Former Victorian premier Jeff Kennett has now joined the conversation, putting the blame on Bob Carr, who served as premier of NSW between 1995 and 2005.
"When we started this process of attracting major events in the 1990s, your premier at the time said, 'No, this is inappropriate, NSW is not going to chase these sorts of events'," Kennett told The Sydney Morning Herald this week. "That was Bob Carr. They lost 10 to 15 years before they started to realise the importance of major events.
"Major events add confidence to the community. When we started this in 1992, our state was run down. We quickly rebuilt the confidence of Victorians in their own state.
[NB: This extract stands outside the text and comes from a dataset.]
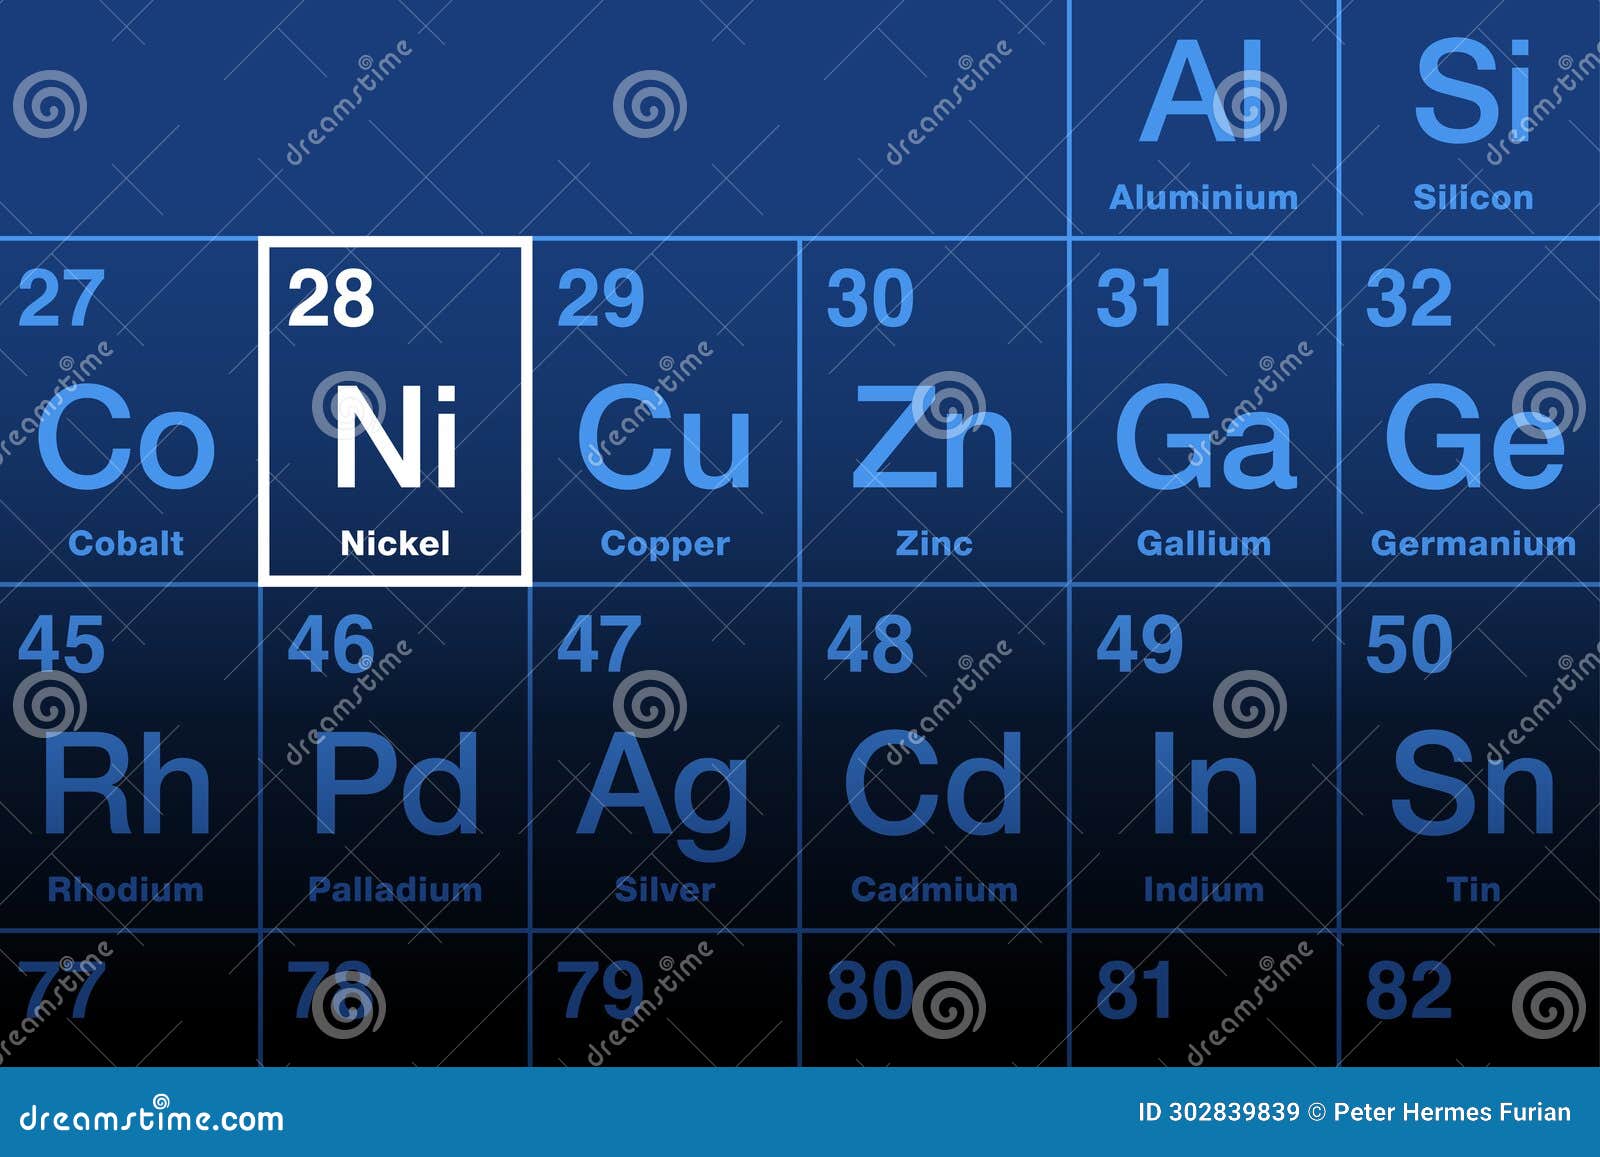 nickel  on the periodic table, metal with  ni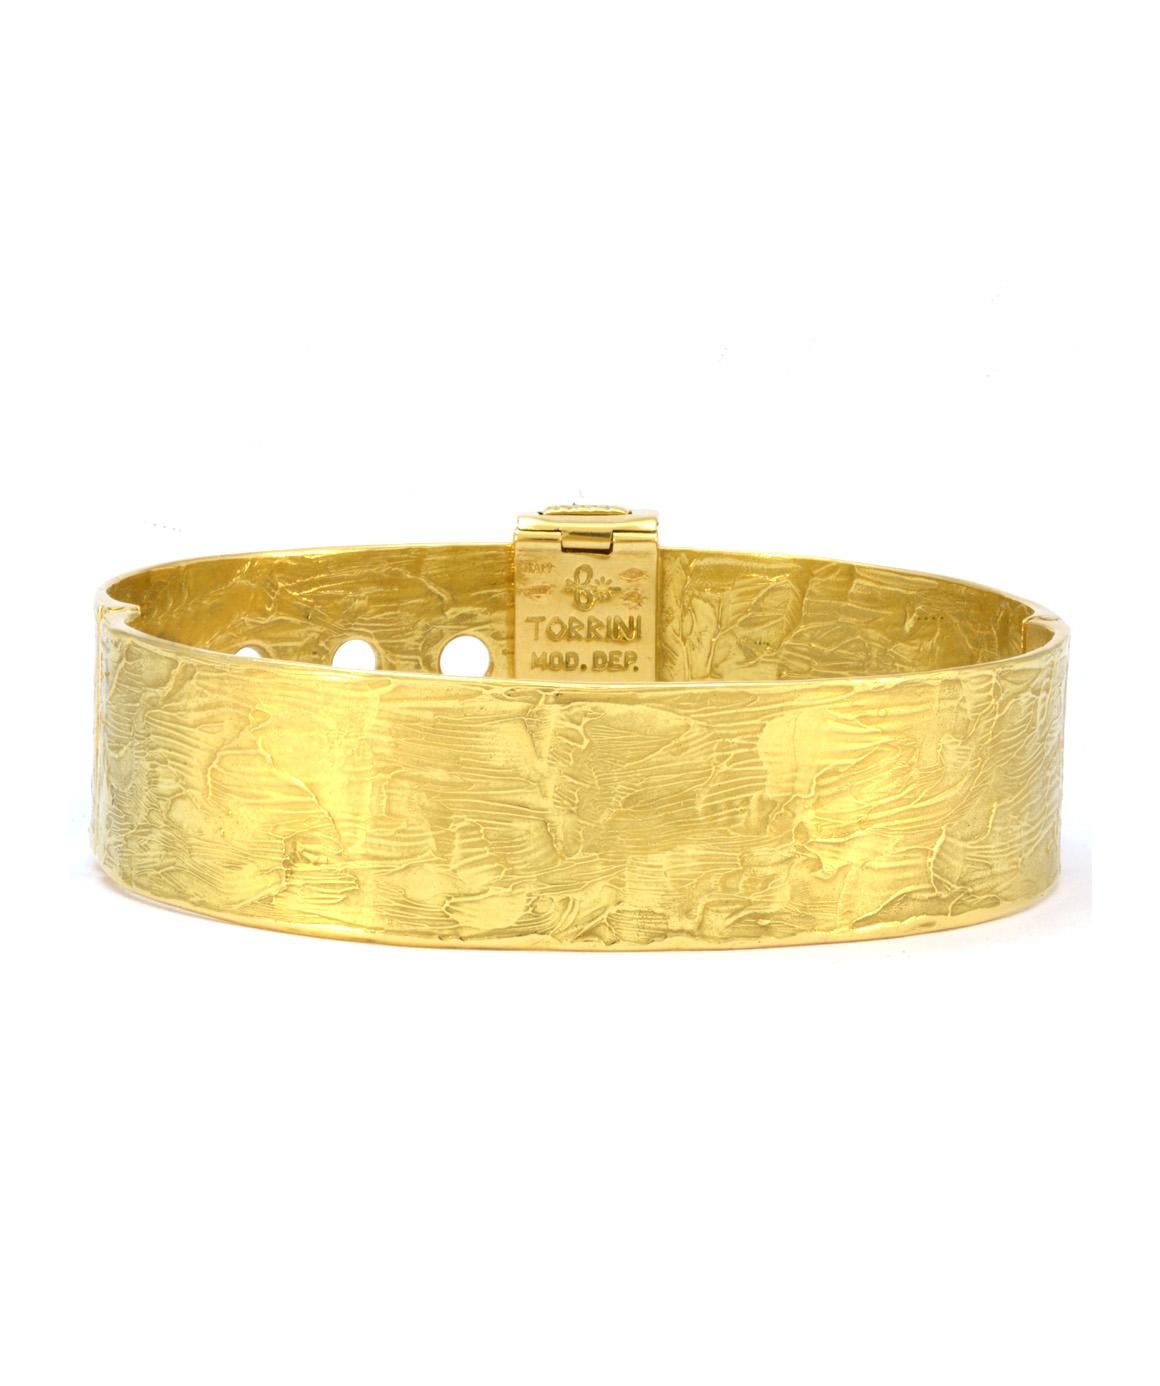 Round Cut 100% Authentic Zero by Torrini Solid 18 Karat Yellow Gold and Diamond Bracelet

There is none of that in NSW. You lost 15 years because the government at the time thought it was 'inappropriate'.
"What [NSW premier] Gladys [Berejiklian] is doing now is belated recognition that if NSW is going to be part of this not just national but international world of events, they're going to have to upgrade their facilities. It costs money. I understand the premier is coming under a fair bit of flak, but no state is just about education; it's not just about health. You judge a state on its complexity and totality: sport is very much part of that."
The COX Architecture-designed, 40,000-seat Allianz Stadium at Moore Park was built in 1988. Under current plans, it will be replaced with a $705-million, 45,000-seat venue. On the other hand, the 85,000-seat ANZ Stadium at Sydney Olympic Park – designed by Populous and Bligh Lobb Sports Architecture in 1999 – is set to be replaced with a $1.25-billion, 75,00-seat rectangular stadium.